SignalService.IngestSignals — bidi-streaming. Client streams Signal messages; server streams Ack (ACCEPTED / REJECTED_QUEUE_FULL / REJECTED_INVALID). Shares the same downstream pipeline as HTTP.

Tech stack — and why

Layer Choice Why this and not something else
Backend language Go 1.22+ Goroutines and channels map cleanly to the ingestion model. Static binary, fast cold start, race detector in the test runner.
HTTP framework Gin Lightweight, ergonomic middleware composition, low allocation in the hot path. Hardened with SetTrustedProxies(nil), MaxBytesReader, and full HTTP-server timeouts.
RPC gRPC + protobuf Strongly-typed contract for high-volume internal producers. Server-streaming endpoint shares the HTTP pipeline downstream.
Source-of-truth store PostgreSQL 16 Work items have foreign keys to RCAs and transitions. SERIALIZABLE prevents split-brain transitions.
Audit log store MongoDB 7 Signal payloads are heterogeneous JSON; Mongo is purpose-built for append-only, schema-flexible, secondary-indexed writes at volume.
Cache + debounce state Redis 7 (a) Atomic Lua scripts — the single primitive that makes correct cross-replica debounce possible. (b) Dashboard hot-path: sorted set keyed by (severity, last_signal_ts) gives O(log n) reads, avoiding a Postgres round-trip on every 2s poll.
Timeseries TimescaleDB (Postgres extension) Hypertables auto-partition by time for per-minute rollups. One less container than running Prometheus.
Postgres driver pgx v5 Native protocol, built-in pooling, structured-error access for SQLSTATE-based retry logic. Not database/sql.
Frontend Next.js 14 (App Router) + Tailwind + hand-rolled components Server Components for static pages, Client Components for the polling dashboard. Owned design system per a checked-in THEME.md.
Orchestration Docker Compose Single command brings the whole stack up.

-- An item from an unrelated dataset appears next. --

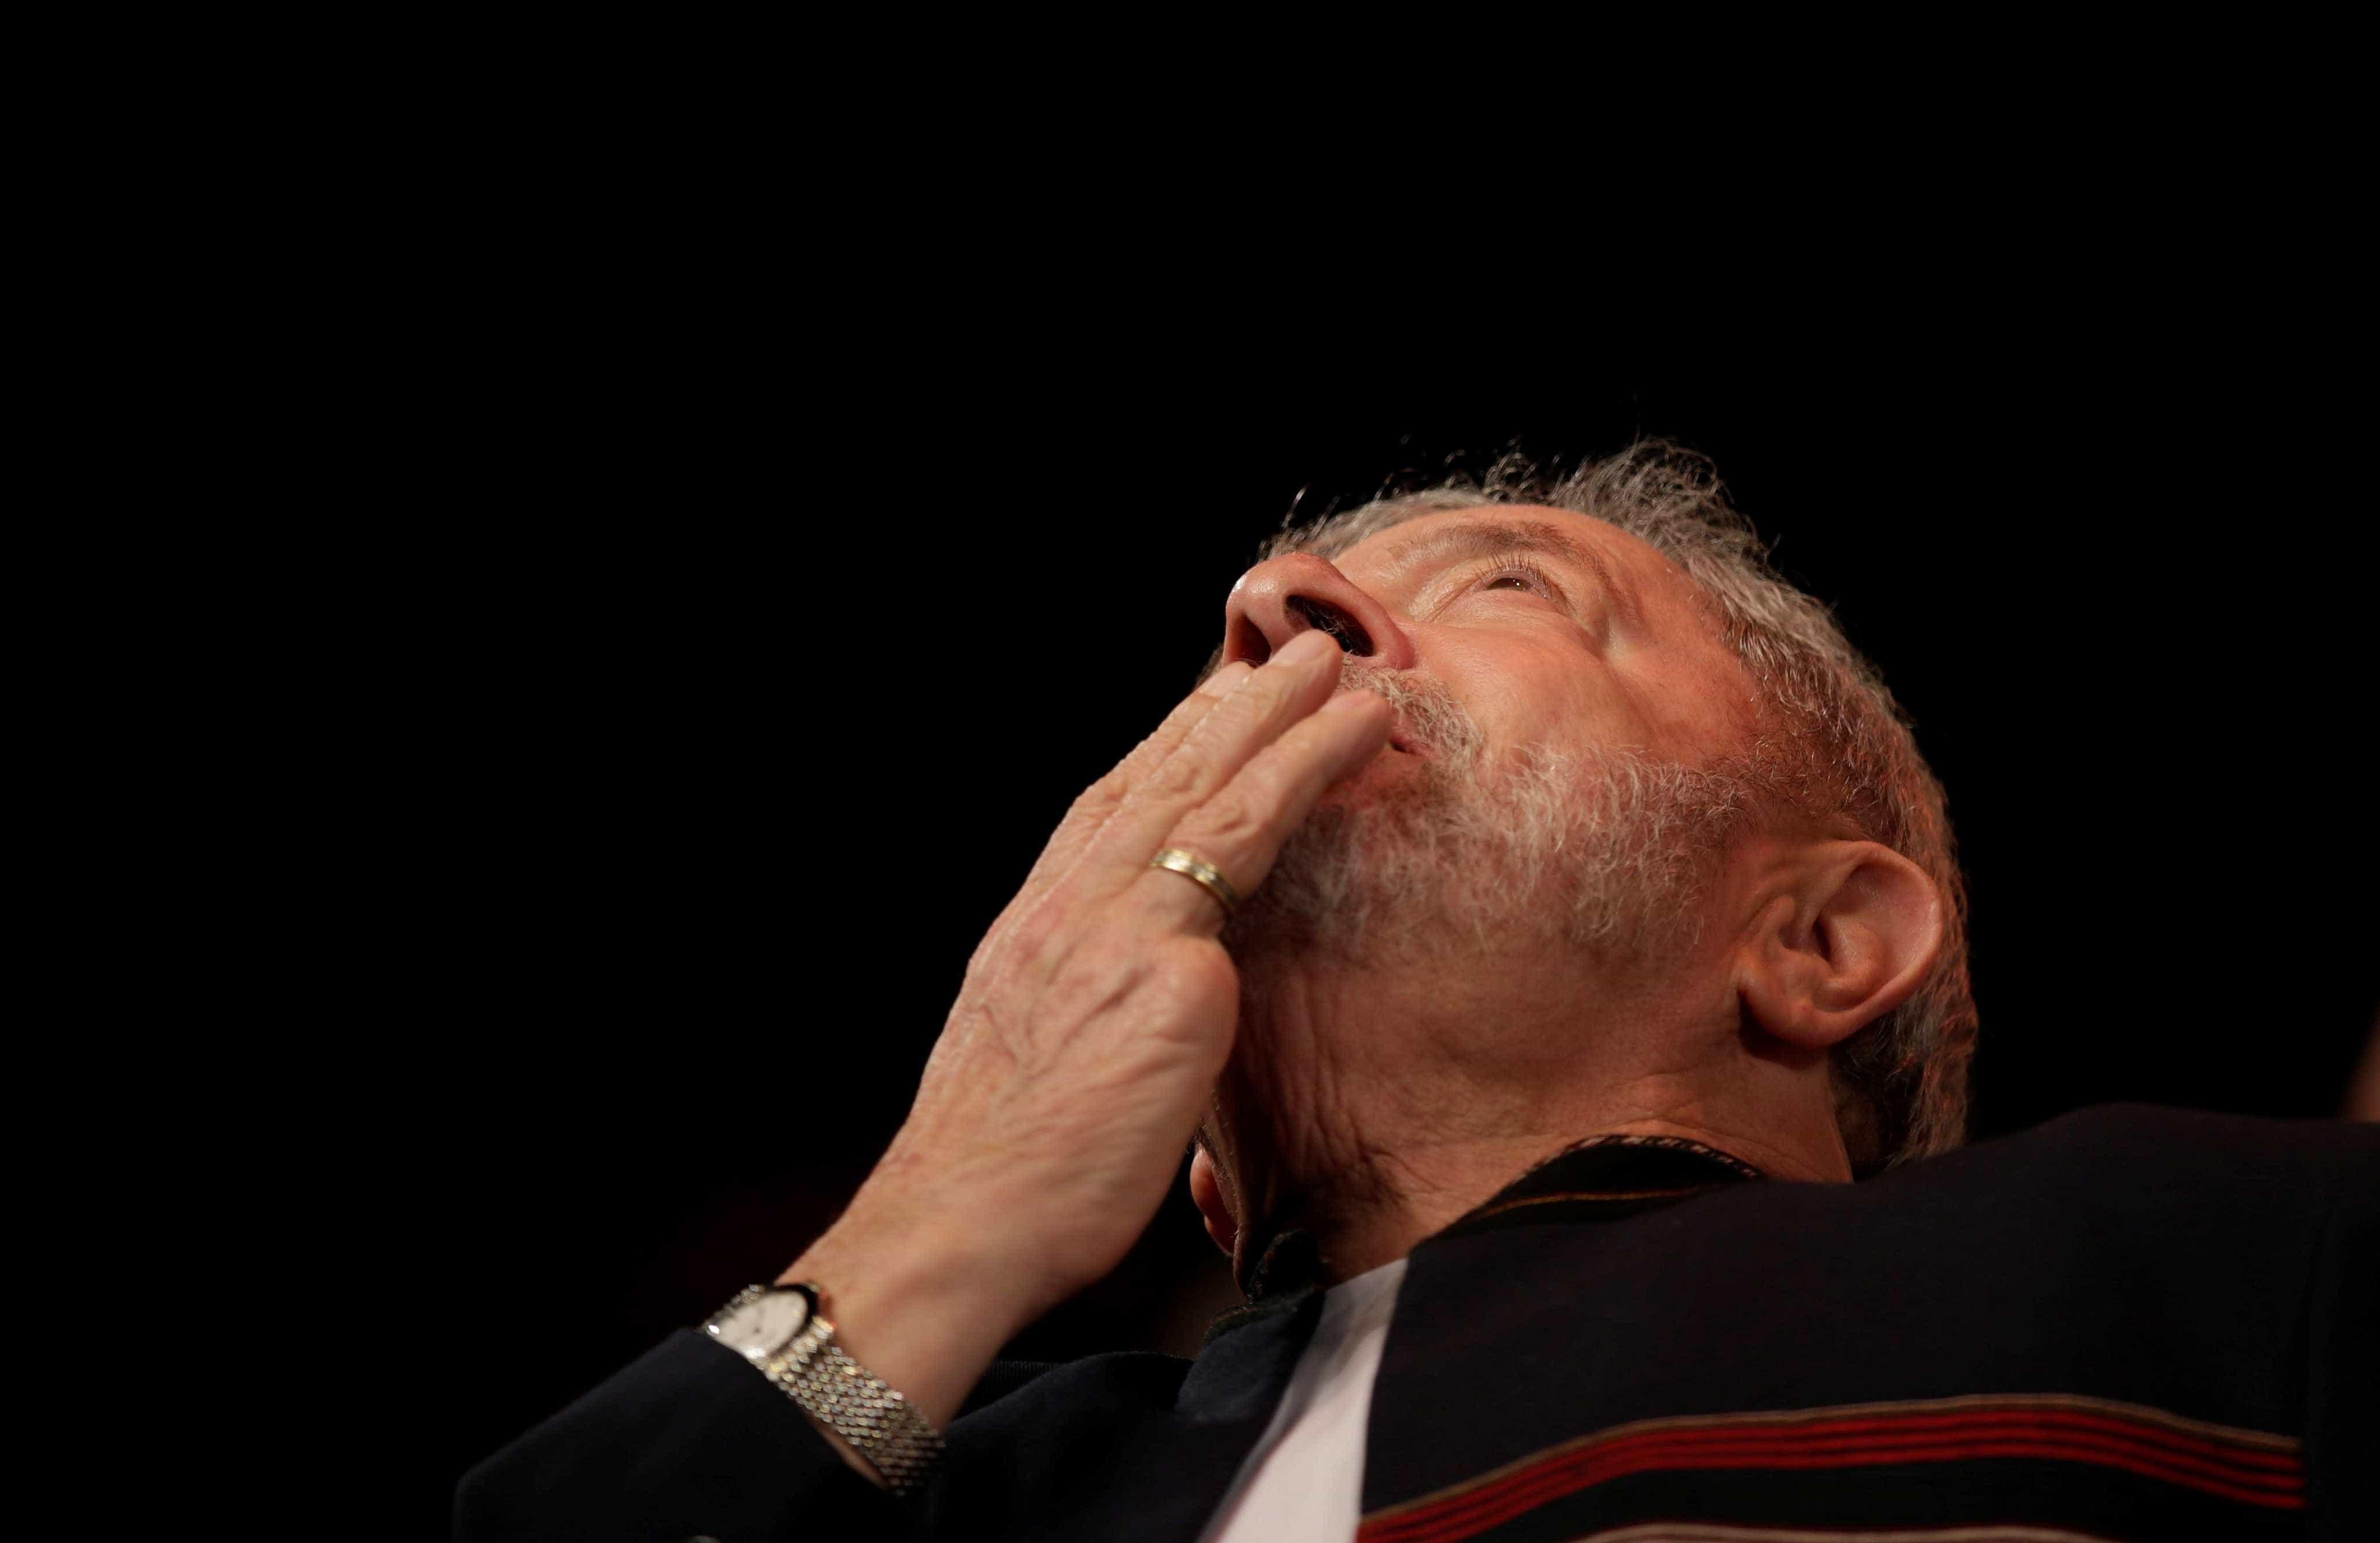 Lei sancionada por Lula em 2013 o prejudica em processo da Lava Jato

Pinned image digests.
Load test vegeta Scriptable, clean reports, scales past 10K rps from one host.

Prerequisites

Tool Version Install (macOS)
Docker (with Compose v2) latest brew install --cask docker
Go 1.22+ brew install go
Node + pnpm Node 20+, pnpm via corepack brew install node && corepack enable
golang-migrate latest brew install golang-migrate

Linux: install via your package manager, go.dev/dl, nodesource, and the migrate releases page.

Getting started

# 1. Clone + configure
git clone https://github.com/kubeboiii/vellum.git
cd vellum
cp .env.example .env

# 2. Start Postgres, MongoDB, Redis (all bound to 127.0.0.1)
docker compose -f docker/compose.yaml up -d
docker compose -f docker/compose.yaml ps       # wait until all three show (healthy)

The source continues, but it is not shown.